The far more likely cause of this issue is the "app" is not issuing the DELETE FROM command correctly, or in the way that you think it is. Perhaps the DELETE is being rolled back for some reason, or perhaps the WHERE statement is preventing rows being deleted that you think should be deleted. If you can view the code in the app, add the code that is performing (or not performing) the DELETE to your question via the edit link. If you don't have access to the code, you could use SQL Server Profiler to run a trace so you can "see" the statements your app is issuing to the server to determine for certain what the app is doing.
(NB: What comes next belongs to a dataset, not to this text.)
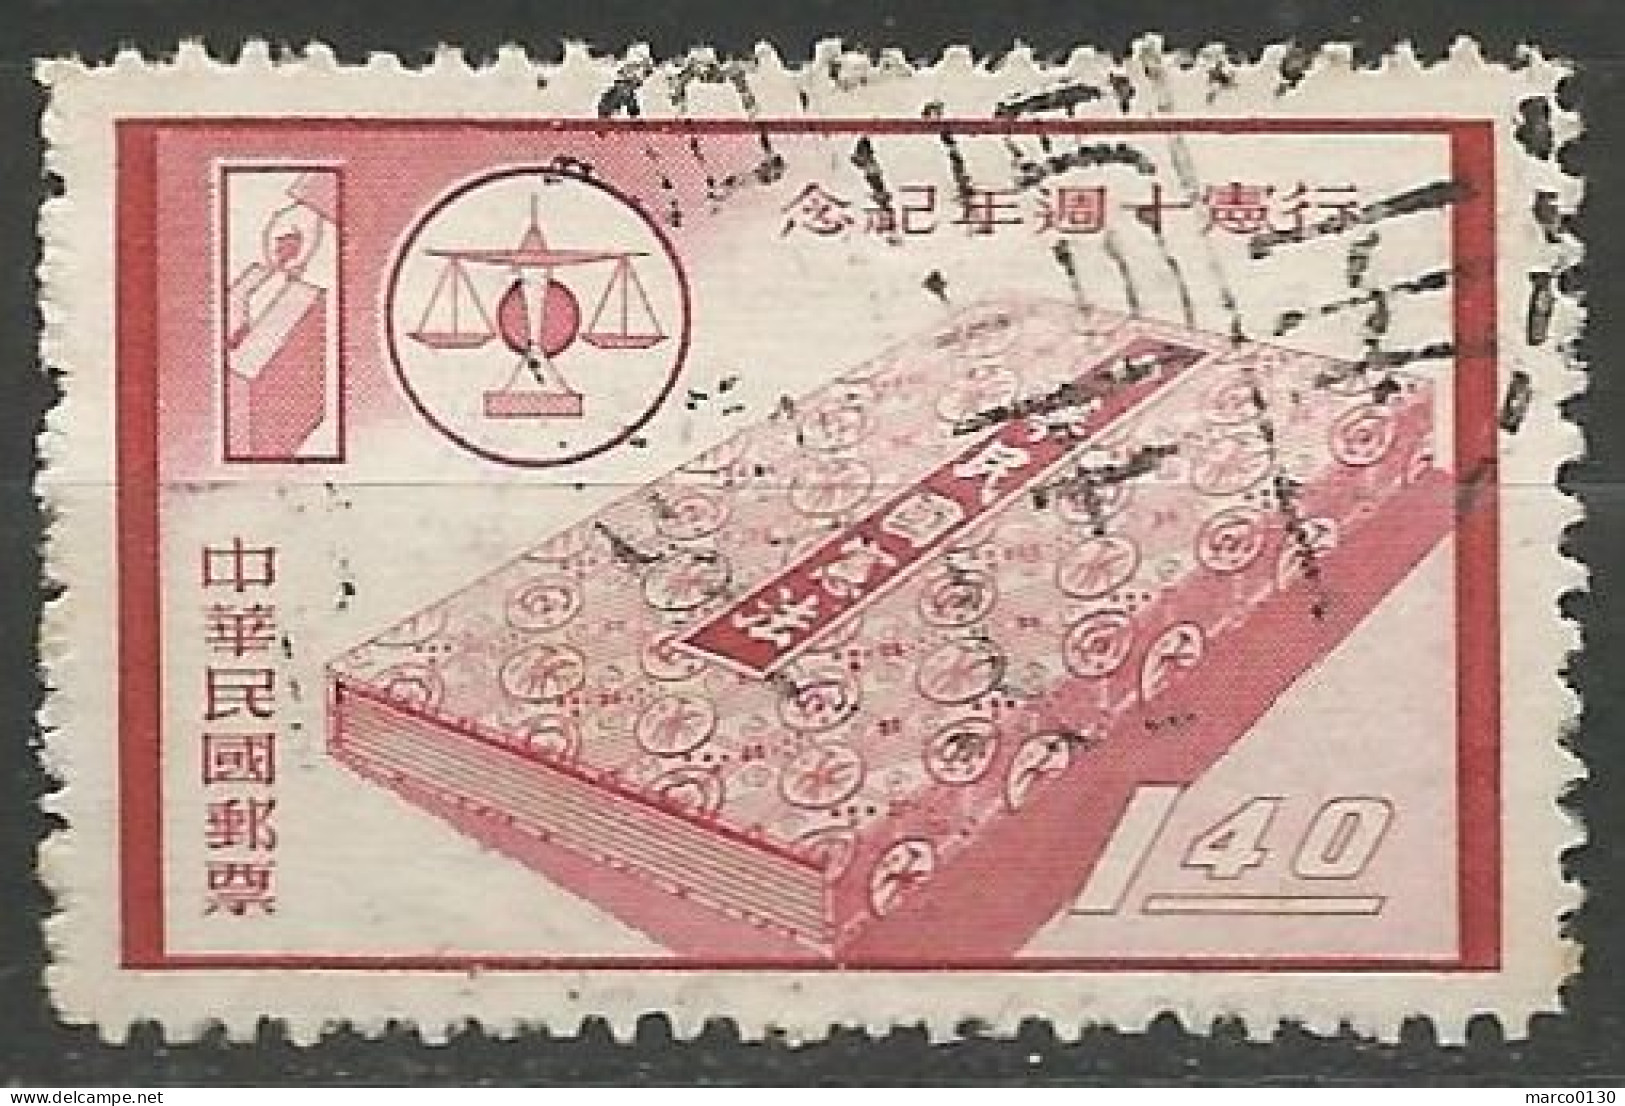 FORMOSE (TAIWAN) N° 280 + N° 281 + N° 282 + N° 283 OBLITERE - Used Stamps

It's possible there are some application-level data problems preventing the application from performing the delete. For instance, if there are no primary/foreign key relationships enforcing referential integrity, it's possible a DELETE FROM statement is using a join in the delete that is effectively excluding rows from being deleted as a result of those rows being orphaned. By way of an example, take a look at this:

USE tempdb;

IF OBJECT_ID(N'dbo.Child', N'U') IS NOT NULL
DROP TABLE dbo.Child;
IF OBJECT_ID(N'dbo.Parent', N'U') IS NOT NULL
DROP TABLE dbo.Parent;

CREATE TABLE dbo.Parent
(
    parent_id int NOT NULL
        CONSTRAINT Parent_pk
        PRIMARY KEY CLUSTERED
    , parent_data varchar(50) NOT NULL
);

CREATE TABLE dbo.Child
(
    child_id int NOT NULL
        CONSTRAINT Child_pk
        PRIMARY KEY CLUSTERED
    , parent_id int NOT NULL
    , child_data varchar(10) NOT NULL
);

INSERT INTO dbo.Parent (parent_id, parent_data)
VALUES (1, 'A')
    , (2, 'B');

INSERT INTO dbo.Child (child_id, parent_id, child_data)
VALUES (1, 1, 'C')
    , (2, 1, 'D')
    , (3, 2, 'E')
    , (4, 2, 'F')
    , (5, 3, 'G')
    , (6, 3, 'H');

SELECT *
FROM dbo.Child;
╔══════════╦═══════════╦════════════╗
║ child_id ║ parent_id ║ child_data ║
╠══════════╬═══════════╬════════════╣
║        1 ║         1 ║ C          ║
║        2 ║         1 ║ D          ║
║        3 ║         2 ║ E          ║
║        4 ║         2 ║ F          ║
║        5 ║         3 ║ G          ║
║        6 ║         3 ║ H          ║
╚══════════╩═══════════╩════════════╝

Now, if we want to delete all rows from dbo.Child, we might use this delete statement that deletes all child rows that have a parent in the parent table:

DELETE FROM dbo.Child
FROM dbo.Child c
INNER JOIN dbo.Parent p ON c.parent_id = p.parent_id;

If we had a properly defined foreign-key in the dbo.Child table, the 5th and 6th rows would never be able to exist, however since we don't have good relational integrity, rows can exist in the child table that have no parent, as you can see from this SELECT statement ran after the above delete runs:

SELECT *
FROM dbo.Child;
╔══════════╦═══════════╦════════════╗
║ child_id ║ parent_id ║ child_data ║
╠══════════╬═══════════╬════════════╣
║        5 ║         3 ║ G          ║
║        6 ║         3 ║ H          ║
╚══════════╩═══════════╩════════════╝

When SQL Server detects corruption in the primary database (the one that is currently on-line and serving clients), it will transfer the page that is corrupted from the mirror database, via Automatic Page Repair, in an attempt to fix the database automatically. Automatic Page Repair has been available since SQL Server 2005 Service Pack 1, when mirroring officially became a supported option.

Since you've ran DBCC CHECKDB with no corruption reported, I'd say with near 100% certainty that you're not experiencing corruption.